Fitzpatrick skin type IV-VI
Participation in a clinical trial of another device or drug within 6 months prior to enrollment or during the study.
Any type of prior cosmetic treatment to the target area within 3 months of study participation, such as laser or light-based procedures or surgery.
Prior injection of botulinum toxin, collagen, hyaluronic acid filler or other dermal filler in the target area within 1 week of study participation.
History of malignant tumors in the target area.
Skin abnormalities in the target area, e.g., cuts, scrapes, wounds, scars, large moles.
Pregnant and/or breastfeeding.
Having an infection, dermatitis or a rash in the treatment area.
Significant concurrent illness, such as diabetes mellitus or cardiovascular disease, e.g., uncontrolled hypertension.
Suffering from coagulation disorders or taking prescription anticoagulation medications.
History of keloid scarring, hypertrophic scarring or of abnormal wound healing.
History of immunosuppression/immune deficiency disorders or currently using immunosuppressive medications.
History of vitiligo, eczema, or psoriasis.

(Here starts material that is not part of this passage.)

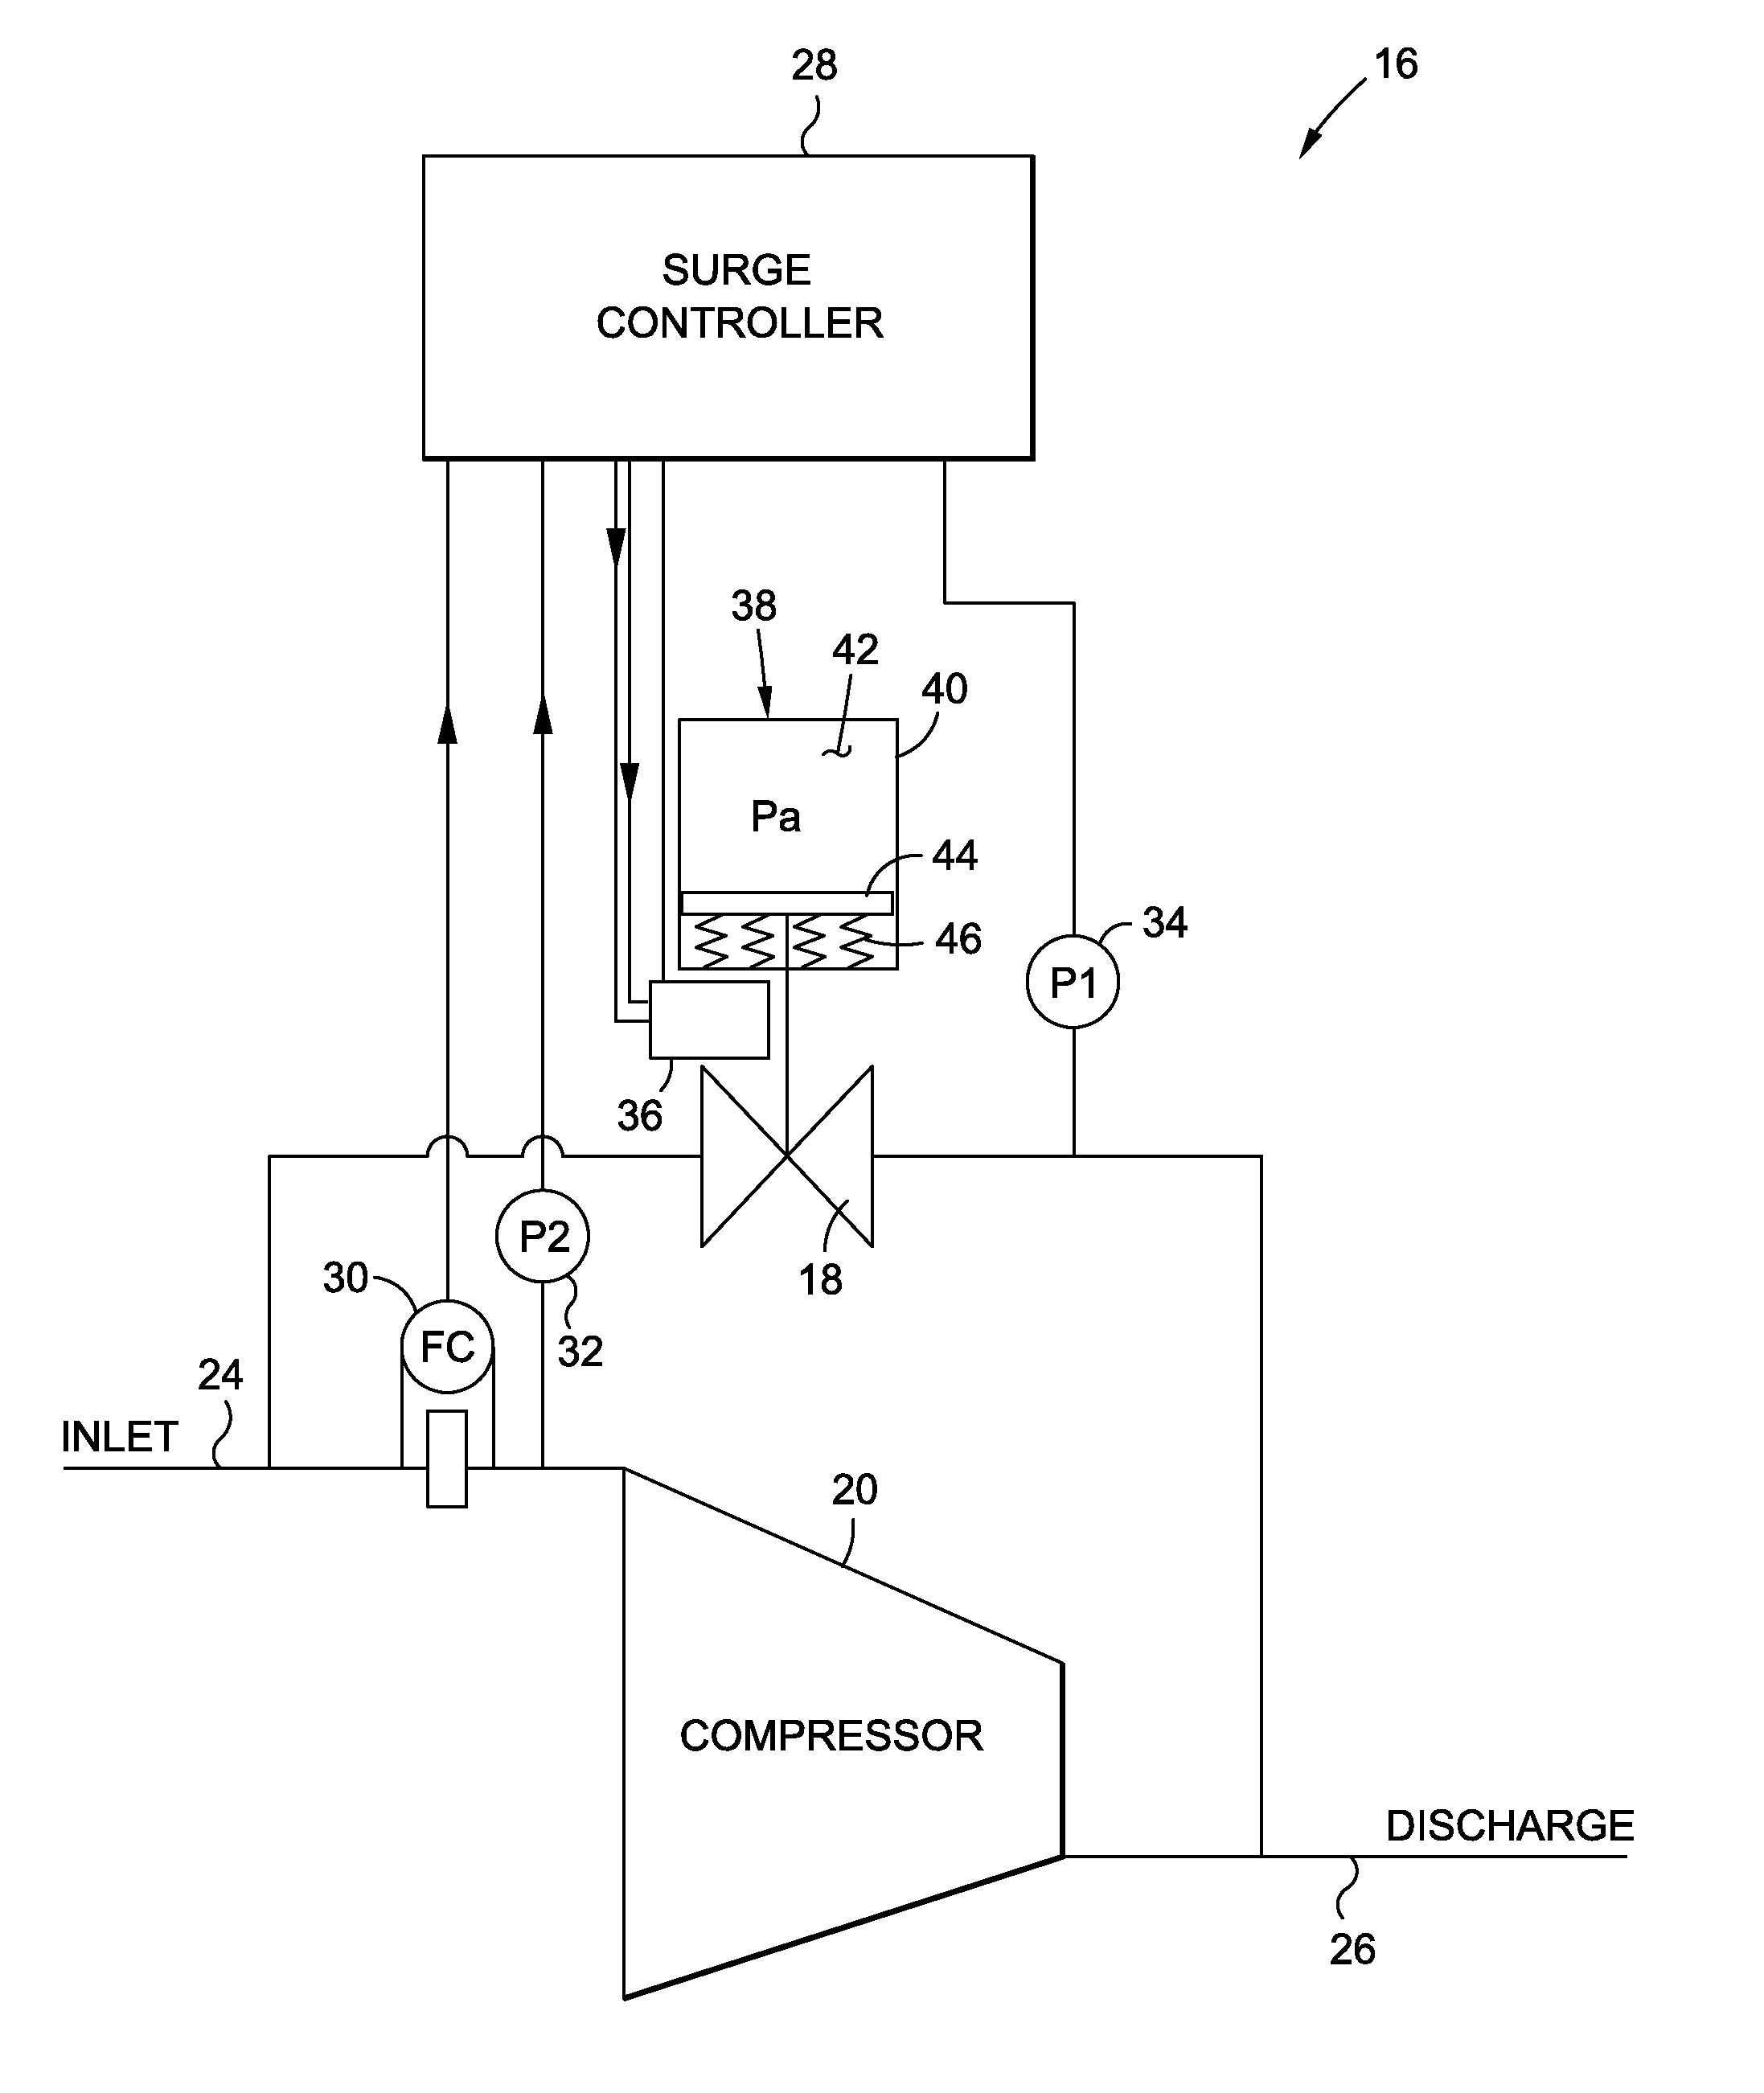 Dead time reducer for piston actuator
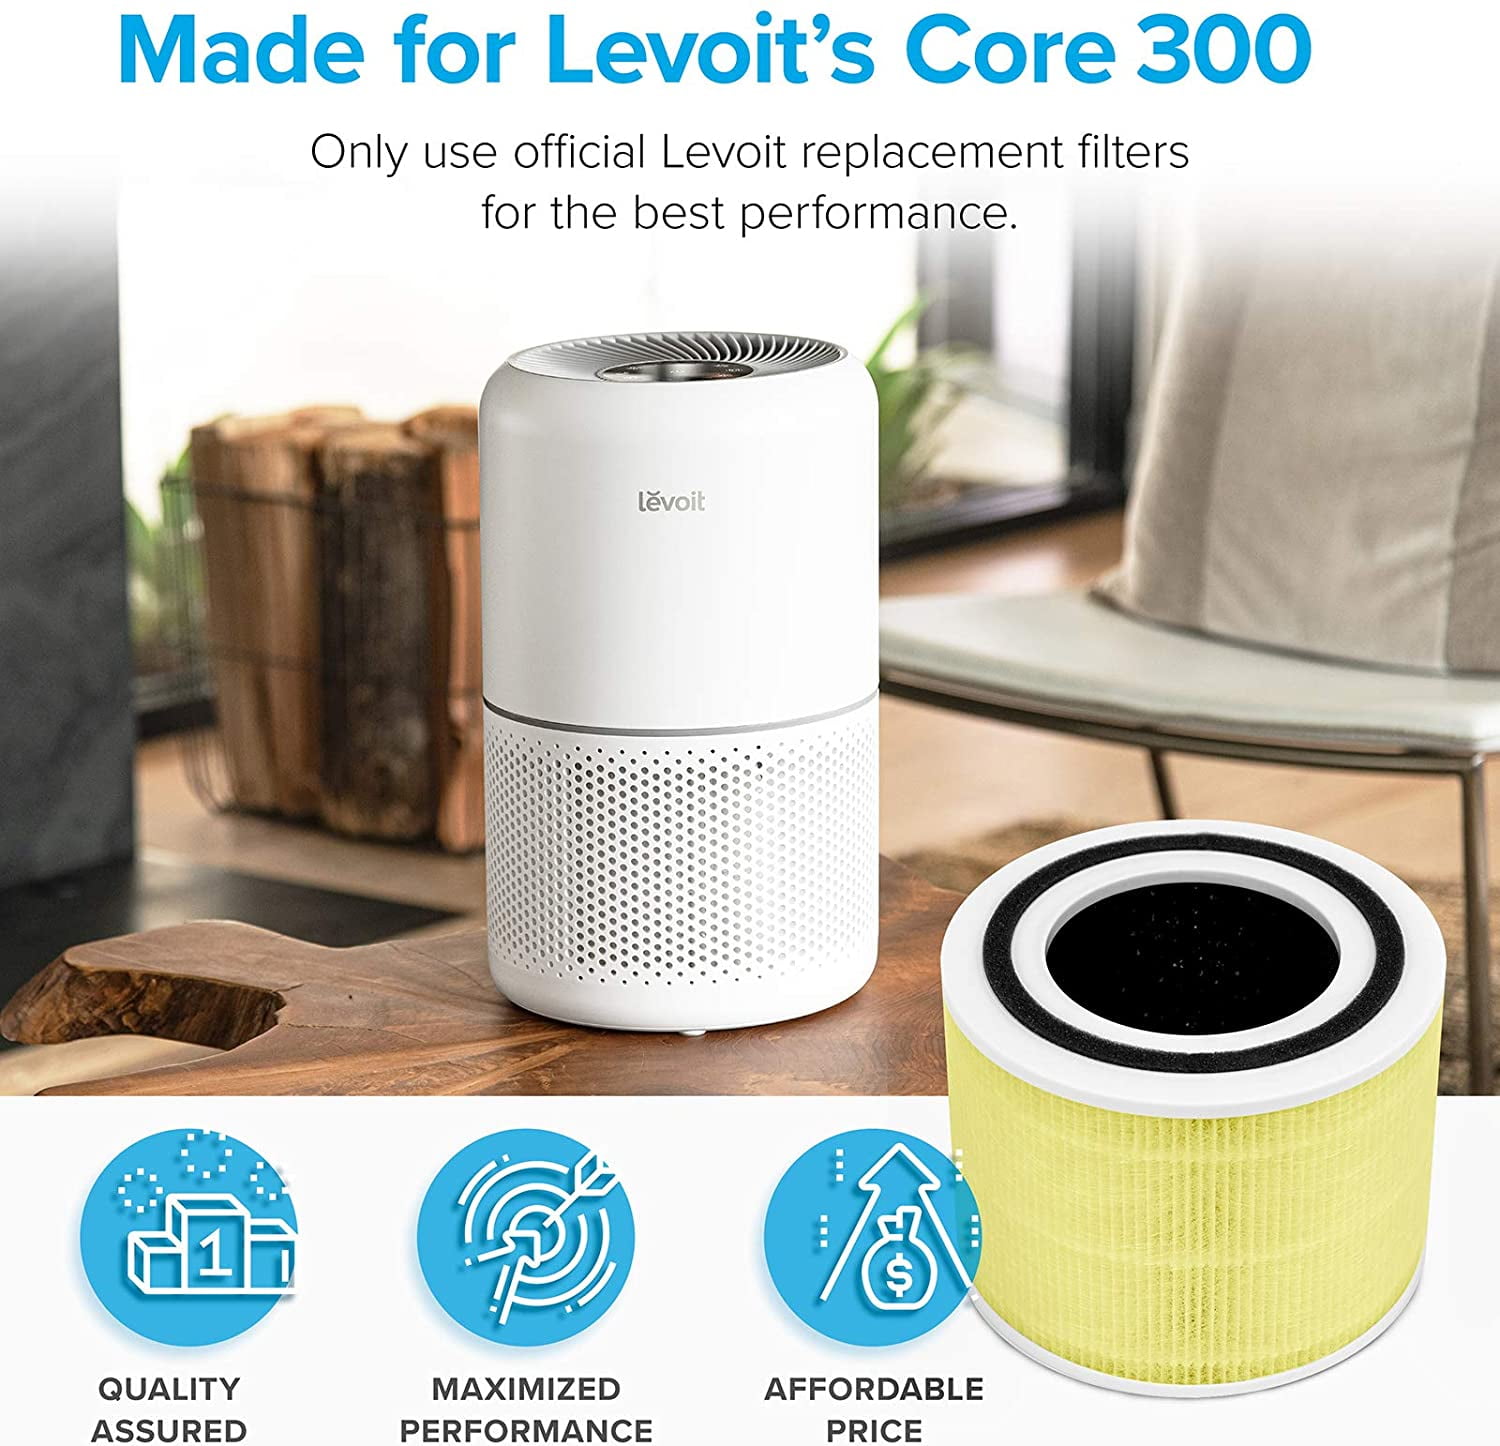 LEVOIT Core 300 Air Purifier Replacement Filter, Core 300-RF (Toxin  Absorber) & LV-H132-RF 2 Pack Replacement, 3-in-1 Nylon Pre, True HEPA

History of connective tissue disease, such as systemic lupus erythematosus or scleroderma.
History of seizure disorders due to light.
Any use of medication that is known to increase sensitivity to light according to Investigator's discretion.
History of disease stimulated by heat, such as recurrent herpes simplex and/or herpes zoster (shingles) in the treatment area, unless treatment is conducted following a prophylactic regimen.
History of radiation to the treatment area or undergoing systemic chemotherapy for the treatment of cancer.
History of pigmentary disorders, particularly tendency for hyper- or hypo-pigmentation.
Systemic use of retinoid, such as isotretinoin, or corticosteroid, as applicable, within 6 months of study participation.
Topical use of retinoid, such as isotretinoin, corticosteroid or hydroquinone on the target area within 1 month of participation.
Anytime in life, having have used gold therapy (gold salts) for disorders such as rheumatologic disease or lupus.
Excessively tanned in areas to be treated, or unable/unlikely to refrain from tanning during the study (for example, subject's occupation requires regular sun exposure).
Current smoker or history of smoking within 6 months of study participation.